Section 2: Motivation¶

Instructions: Why does this dataset exist? Who funded it, what tasks it was built for, and — just as important — what it is explicitly not recommended for.

Purpose of creation: [FILL]
Funding / sponsorship: [FILL]
Intended tasks: [FILL]
Not recommended for: [FILL]

Section 3: Composition¶

Instructions: Describe the structure: instance count, instance type, feature schema, label distribution, missing-data handling, and PII presence. Every sensitive column must be flagged.

Instance count / type / format: [FILL]
Feature schema (with sensitivity flags): [FILL]
Label distribution (if labelled): [FILL]
Missing-data handling: [FILL]
PII present? handling: [FILL]

Section 4: Collection & Preprocessing¶

Instructions: Document the source, method, time period, sampling strategy, and ethical / consent posture. Preprocessing must be reproducible from a committed script.

Source(s): [FILL]
Collection method: [FILL]
Time period + geography: [FILL]
Sampling strategy: [FILL]
Consent / ethical review: [FILL]
Preprocessing steps + script: [FILL]

Section 5: Distribution & Uses¶

Instructions: How is the dataset accessed (filesystem, MCP resource URI, A2A skill, registry)? Enumerate known consumers with purpose so future auditors can detect drift.

Access method / endpoint: [FILL]
Export formats: [FILL]
Known uses: [FILL]
Previous versions: [FILL]

Section 6: Maintenance & Ethics¶

Instructions: Name the data steward, update frequency, versioning policy, retention period, deprecation plan, and issue-reporting channel. Ethical considerations must cover potential-for-harm and bias sources.

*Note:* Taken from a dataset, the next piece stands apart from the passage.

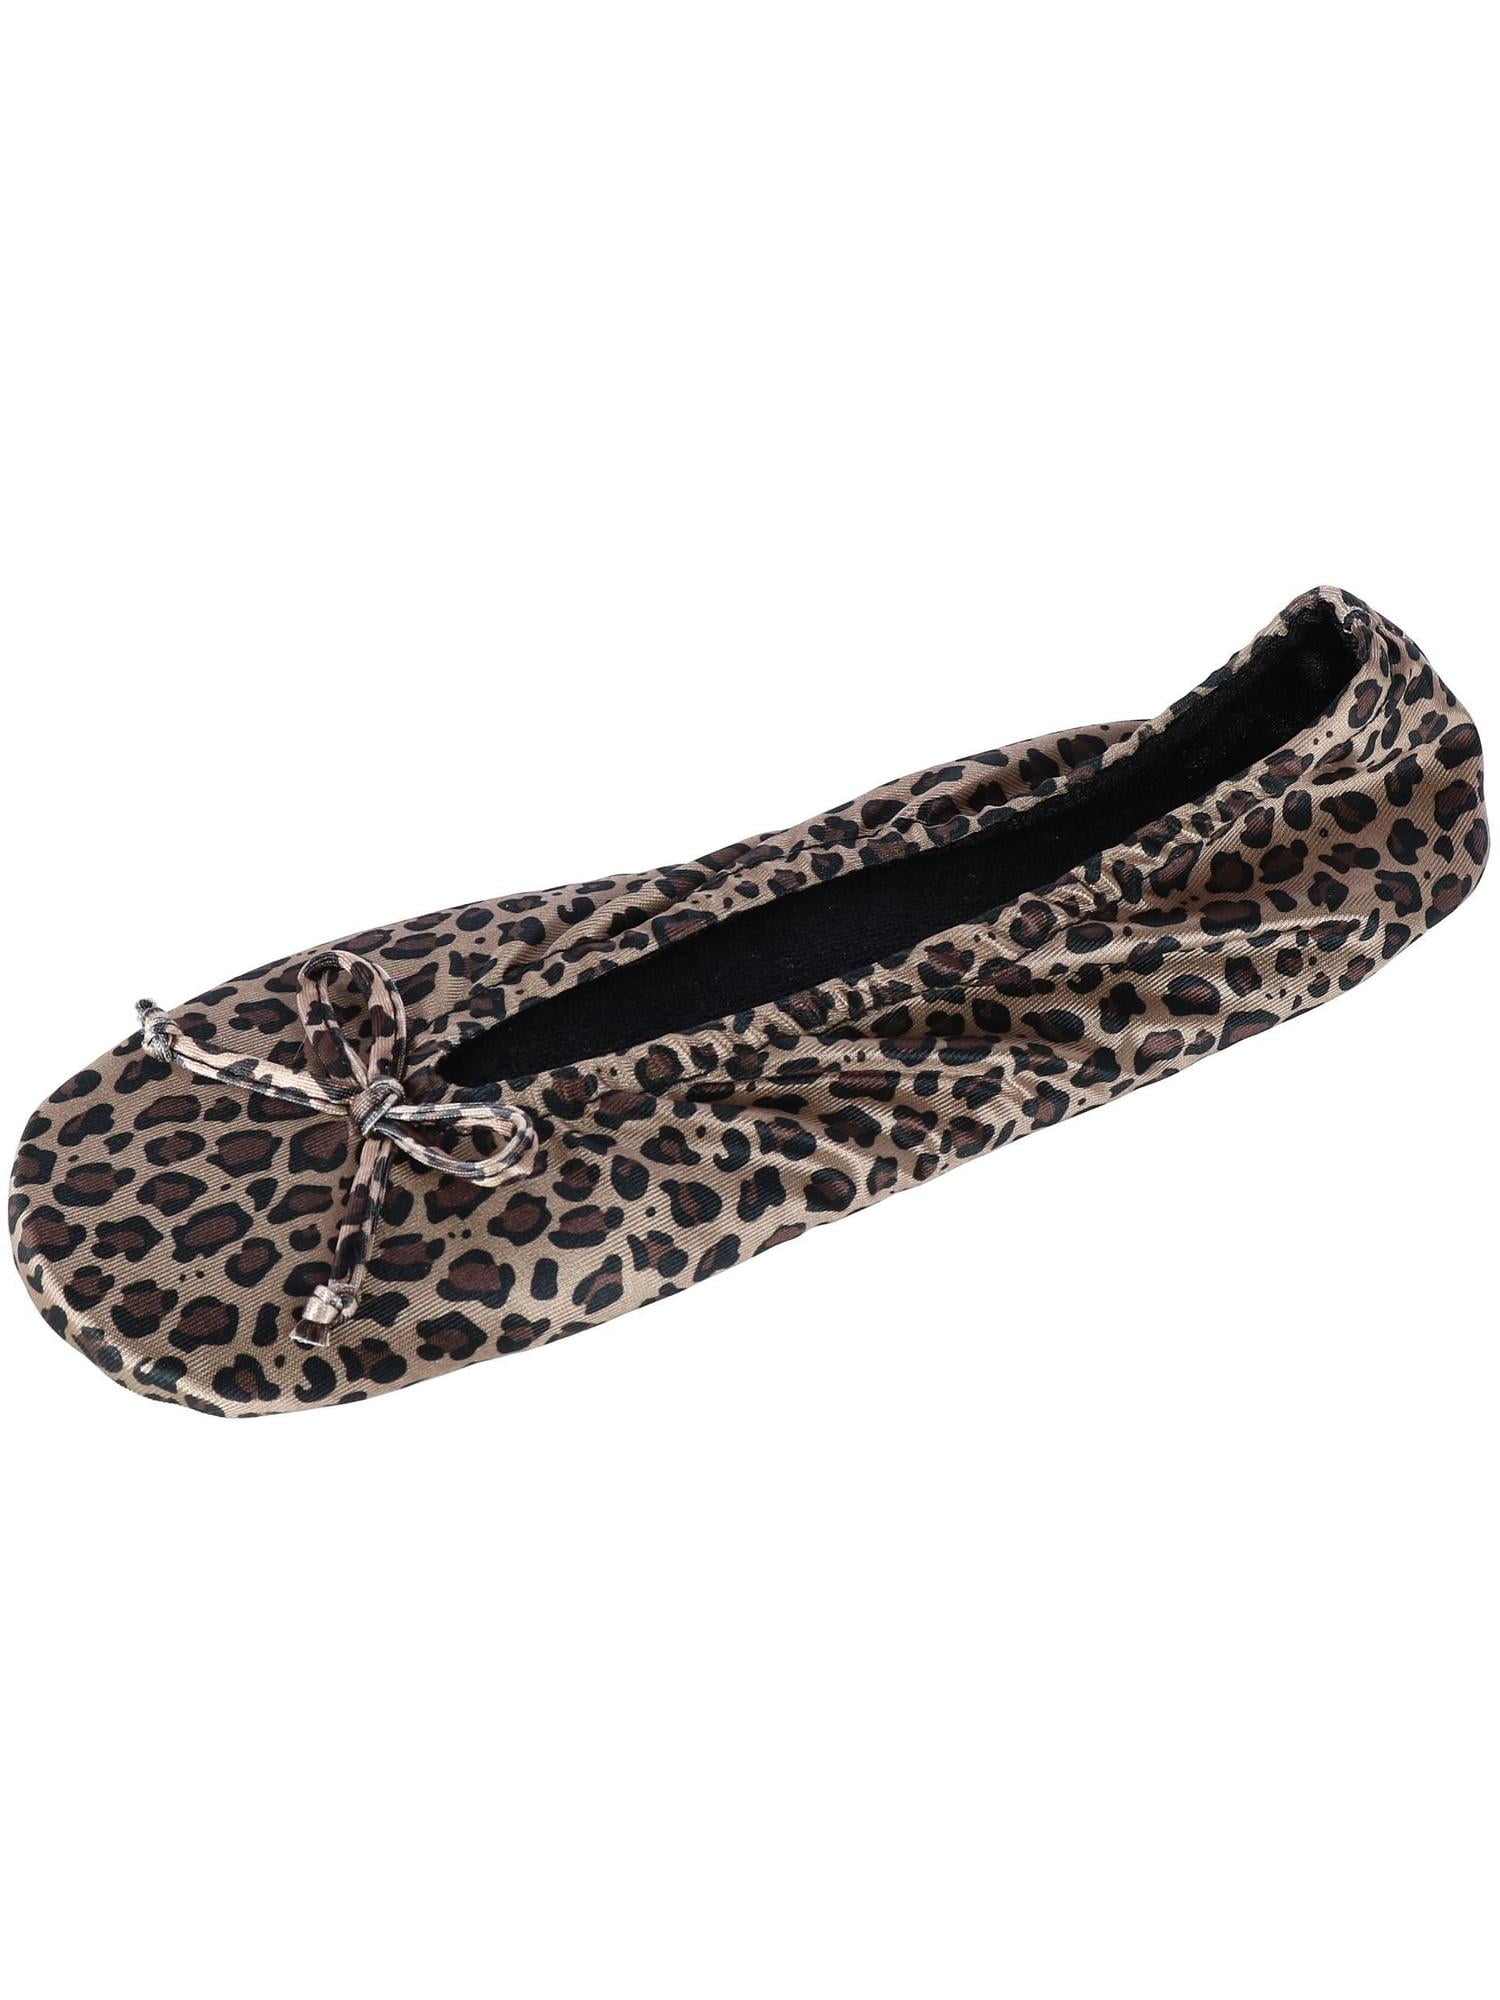 Ladies Plush Cuddly SOFT Leopard Print Non Skid Ballet Slippers Bow S/M 2 PAIR

Data steward + update frequency: [FILL]
Versioning + retention + deprecation: [FILL]
Issue reporting: [FILL]
Potential for harm / bias sources / mitigations: [FILL]

Adoption Checklist¶

All required sections completed
Artifact peer-reviewed by at least one R.I.S.C.E.A.R. peer
Stored in the project's designated docs location
Linked from README or equivalent index
Versioned + date-stamped alongside the dataset it describes

References¶

PHOENIX v4.0.0 — docs/resources/templates/open-science/dataset-card.md
Gebru, T. et al. (2021) — Datasheets for Datasets, CACM 64(12)
Pushkarna, M. et al. (2022) — Data Cards, ACM FAccT
FAIR² Open Specification (October 2025)
Hutchinson, B. et al. (2023) — Open Datasheets, arXiv

FCC integration¶

This template is referenced from the Forensic Auditor persona (src/fcc/data/personas/forensic_auditor.yaml) as part of the Critique-phase evidence set. Every dataset under audit must have a current Dataset Card; the auditor cross-links the card to the DMP (OPEN-SCI-010) and the FAIR self-assessment (OPEN-SCI-002). The Dataset Card is also the canonical surface for src/fcc/evaluation/cards.py's Datasheet model. See also src/fcc/data/governance/open_science_gates.yaml.